Hello and Thanks, Courageous and Farsighted Early Released-To’er! I want to make sure the book delivers value to you now, and rewards your early confidence by becoming the book you’re proud to own.
-
The rule of thumb I’m using on introductory material is "If it’s well-covered on the internet, leave it out". I hate it when tech books give a topic the bus-tour-of-London ("On your window to the left is the outside of the British Museum!") treatment, but you should never find yourself completely stranded. Please let me know if that’s the case.
-
Analogies: We’ll be accompanied on part of our journey by Chimpanzee and Elephant, whose adventures are surprisingly relevant to understanding the internals of Hadoop. I don’t want to waste your time laboriously remapping those adventures back to the problem at hand, but I definitely don’t want to get too cute with the analogy. Again, please let me know if I err on either side.
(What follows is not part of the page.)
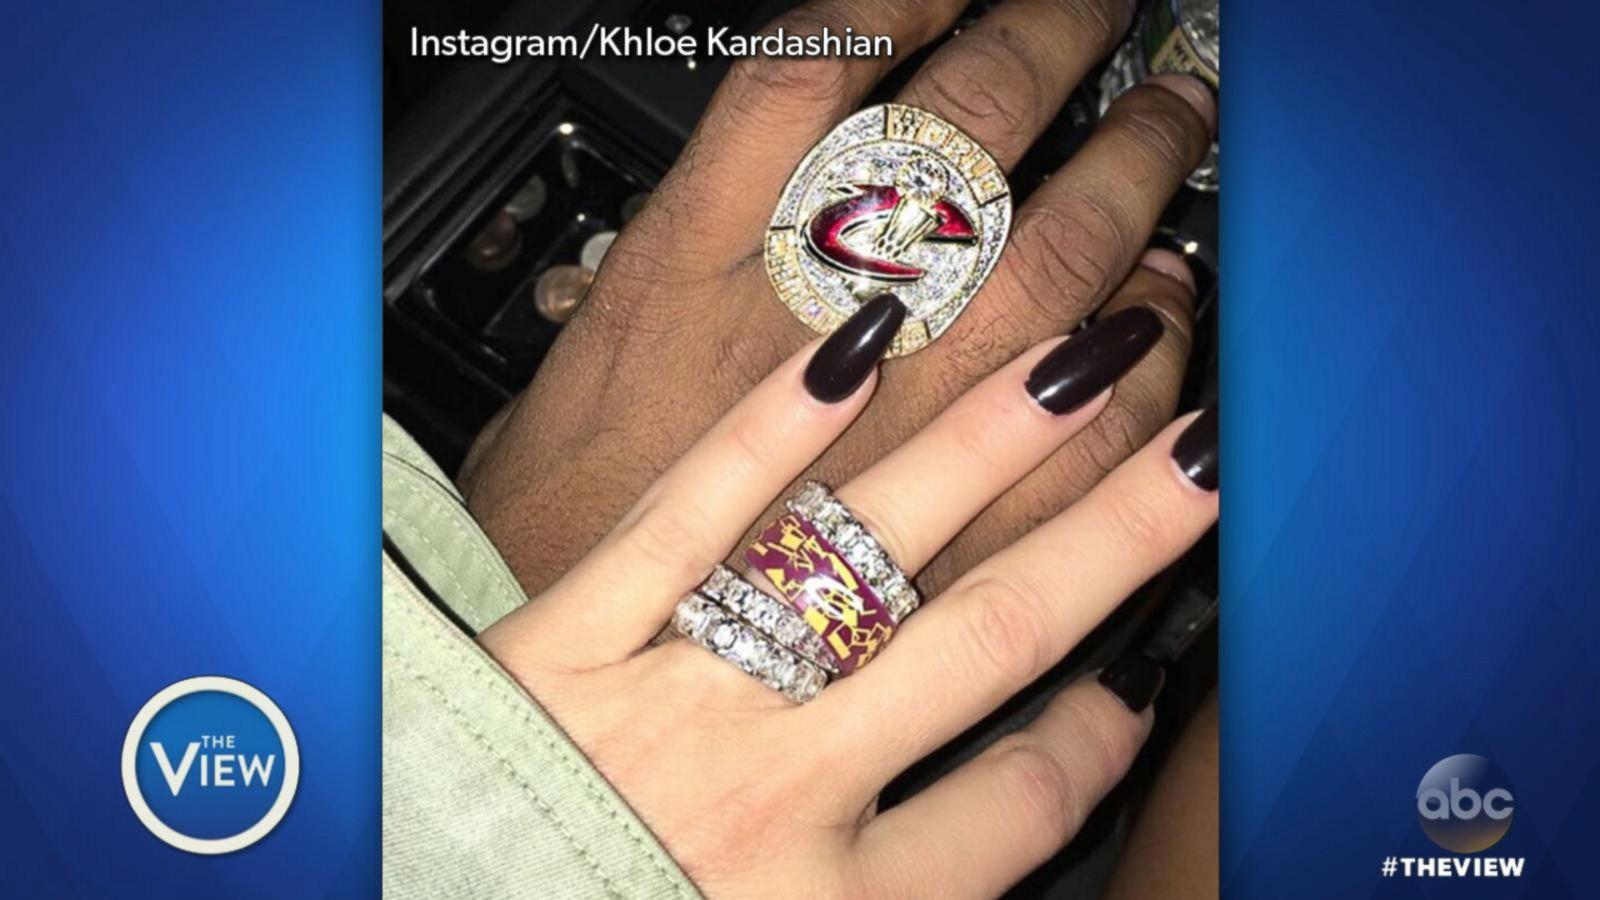 VIDEO: Khloe Kardashian Flaunts Diamond Rings on Instagram Following Sister's Robbery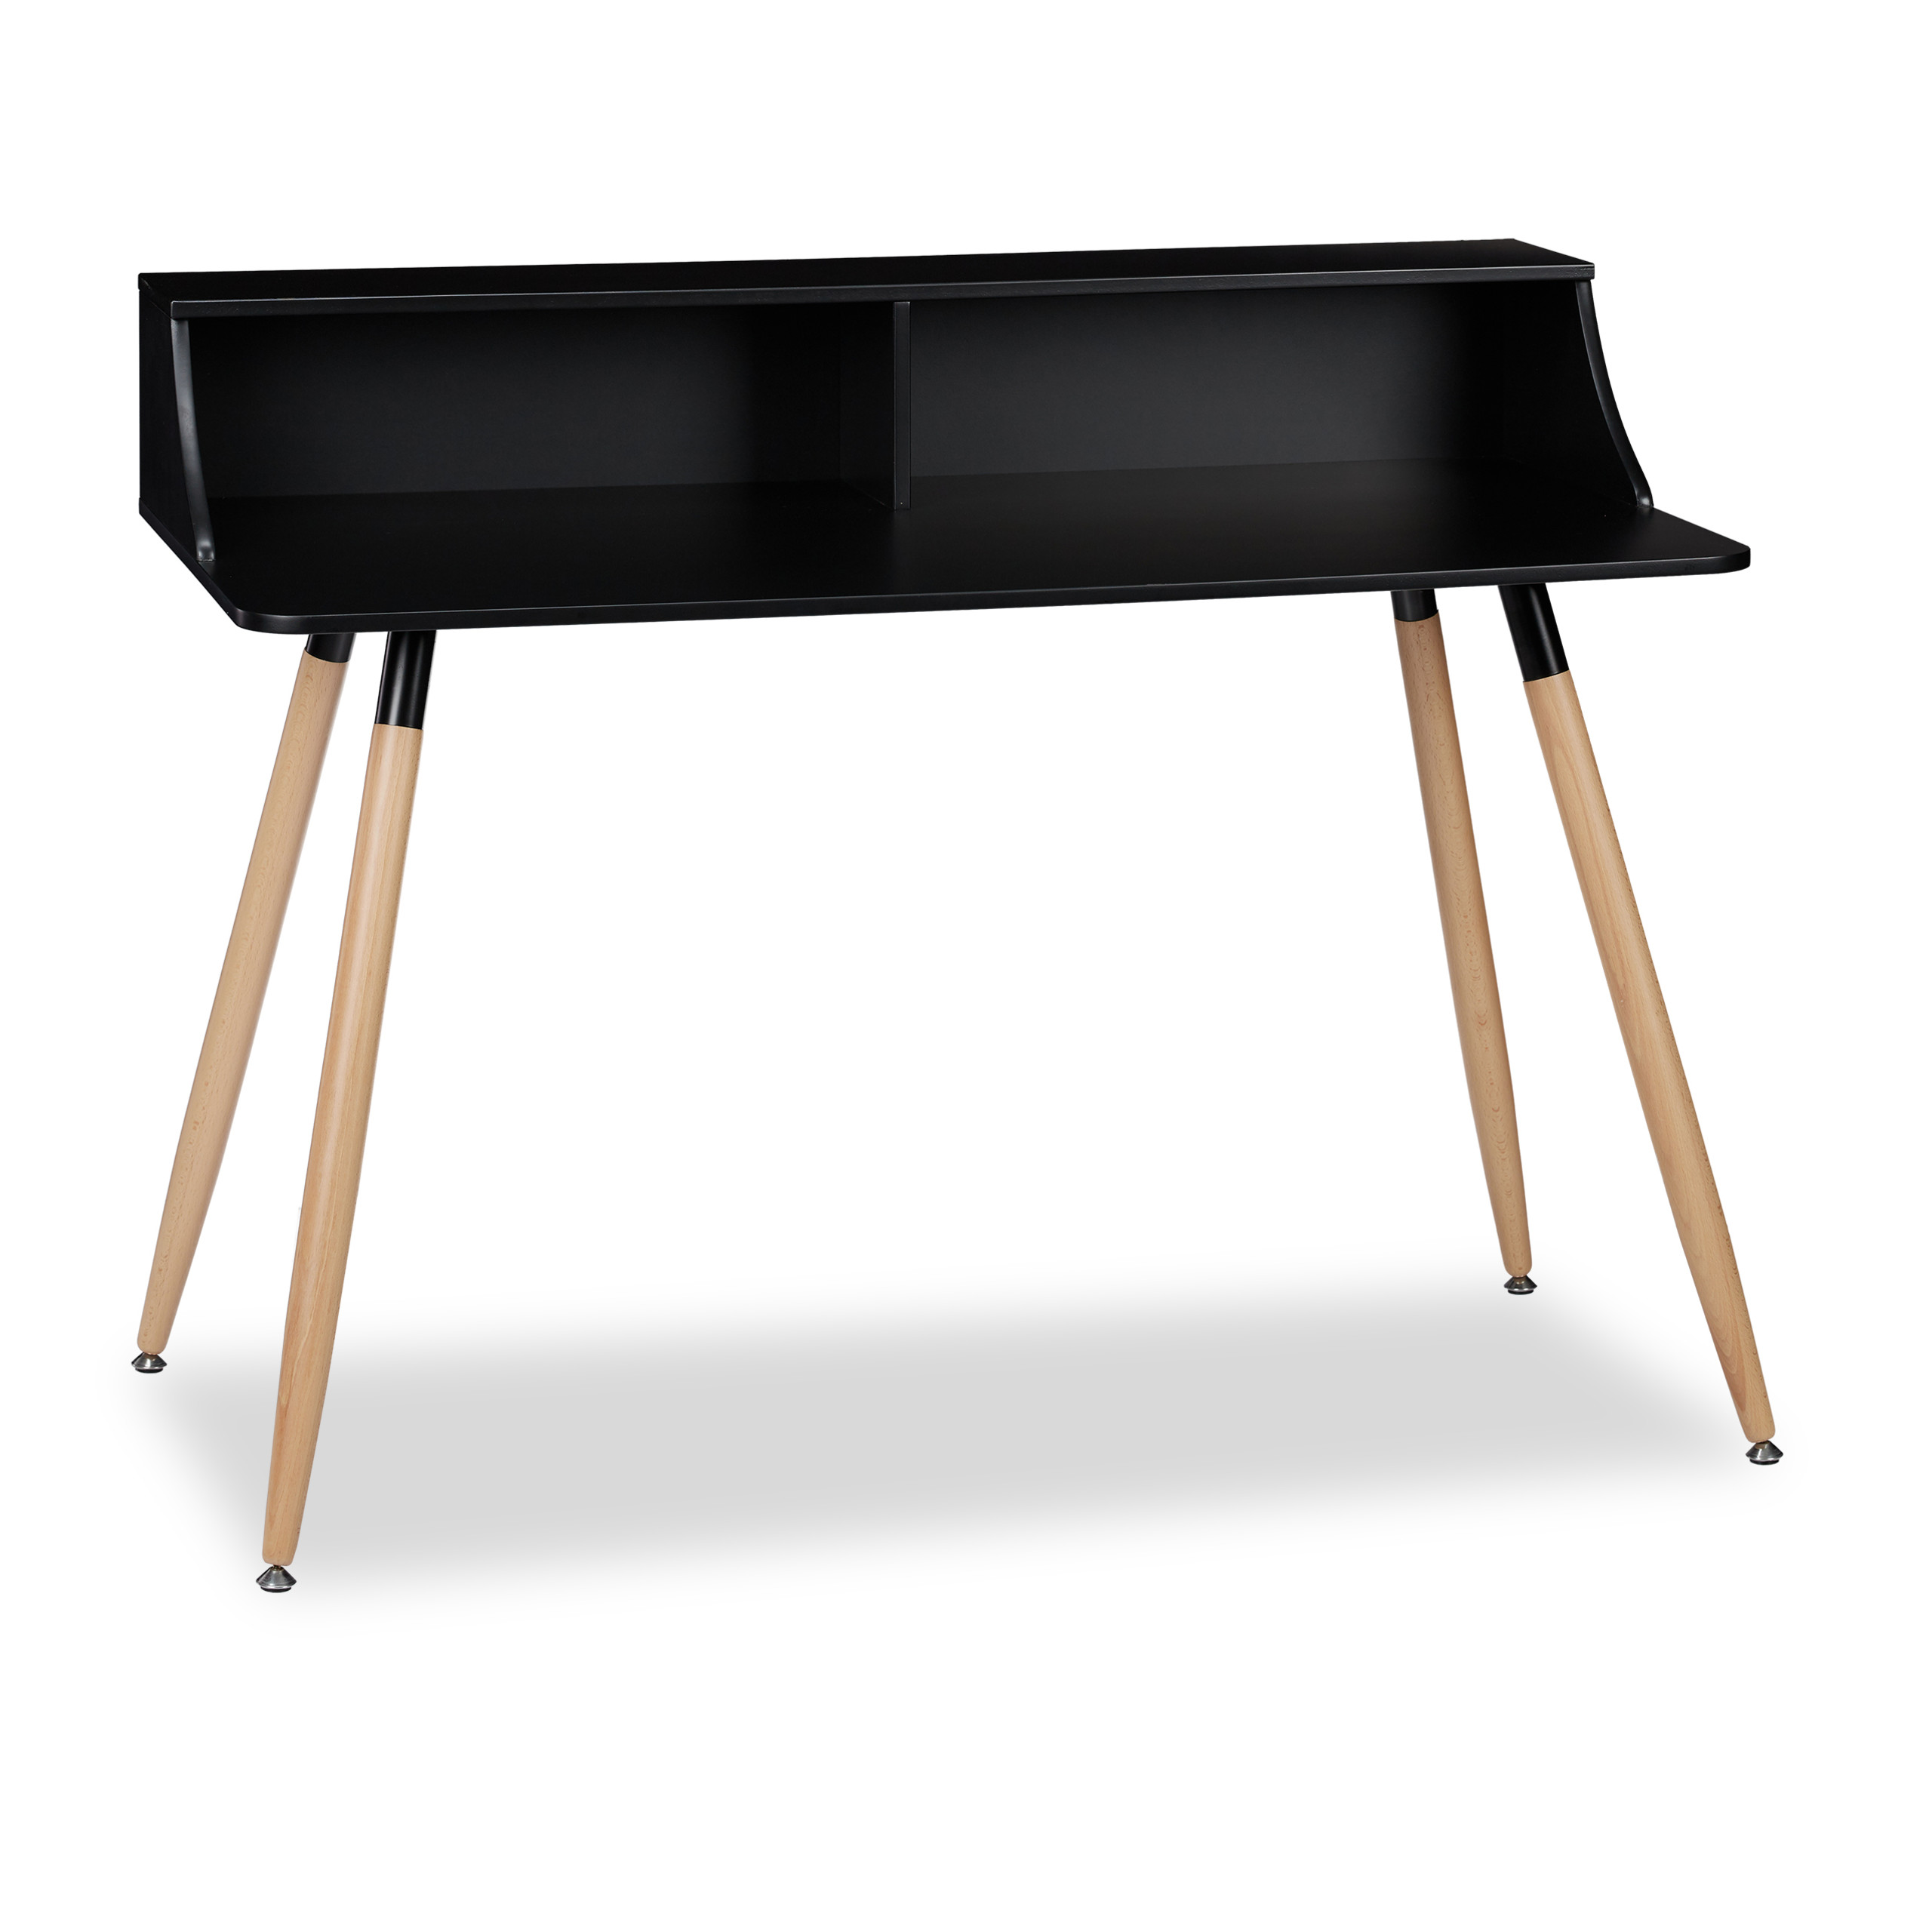 bureau-kinderbureau-ruimtebesparend-75-cm-hoog-laptoptafel-120-breed miniatuur 15

This is the plan. We’ll roll material out over the next few months. Should we find we need to cut things (I hope not to), I’ve flagged a few chapters as (bubble).
-
First Exploration: A walkthrough of problem you’d use Hadoop to solve, showing the workflow and thought process. Hadoop asks you to write code poems that compose what we’ll call transforms (process records independently) and pivots (restructure data).
-
Transform-only Job: Chimpanzee and Elephant are hired to translate the works of Shakespeare to every language; you’ll take over the task of translating text to Pig Latin. This is an "embarrasingly parallel" problem, so we can learn the mechanics of launching a job and a coarse understanding of the HDFS without having to think too hard.
-
Chimpanzee and Elephant start a business
-
Pig Latin translation
-
Your first job: test at commandline
-
Run it on cluster
-
Input Splits
-
Why Hadoop I: Simple Parallelism
-
-
Transform-Pivot Job: C&E help SantaCorp optimize the Christmas toymaking process, demonstrating the essential problem of data locality (the central challenge of Big Data). We’ll follow along with a job requiring map and reduce, and learn a bit more about Wukong (a Ruby-language framework for Hadoop).
-
Locality: the central challenge of distributed computing
-
The Hadoop Haiku
-
-
Server Log Processing:
-
Parsing logs and using regular expressions
-
Histograms and time series of pageviews
-
Geolocate visitors based on IP
-
(Ab)Using Hadoop to stress-test your web server
-
-
Semi-Structured Data: The dirty art of data munging. It’s a sad fact, but too often the bulk of time spent on a data exploration is just getting the data ready. We’ll show you street-fighting tactics that lessen the time and pain. Along the way, we’ll prepare the datasets to be used throughout the book:
-
Wikipedia Articles: Every English-language article (12 million) from Wikipedia.
-
Wikipedia Pageviews: Hour-by-hour counts of pageviews for every Wikipedia article since 2007.
-
US Commercial Airline Flights: every commercial airline flight since 1987
-
Hourly Weather Data: a century of weather reports, with hourly global coverage since the 1950s.
-
"Star Wars Kid" weblogs: large collection of apache webserver logs from a popular internet site (Andy Baio’s waxy.org).
-
-
Data Models & Data Formats: How to design your data models, transmit their contents, and organize their whole.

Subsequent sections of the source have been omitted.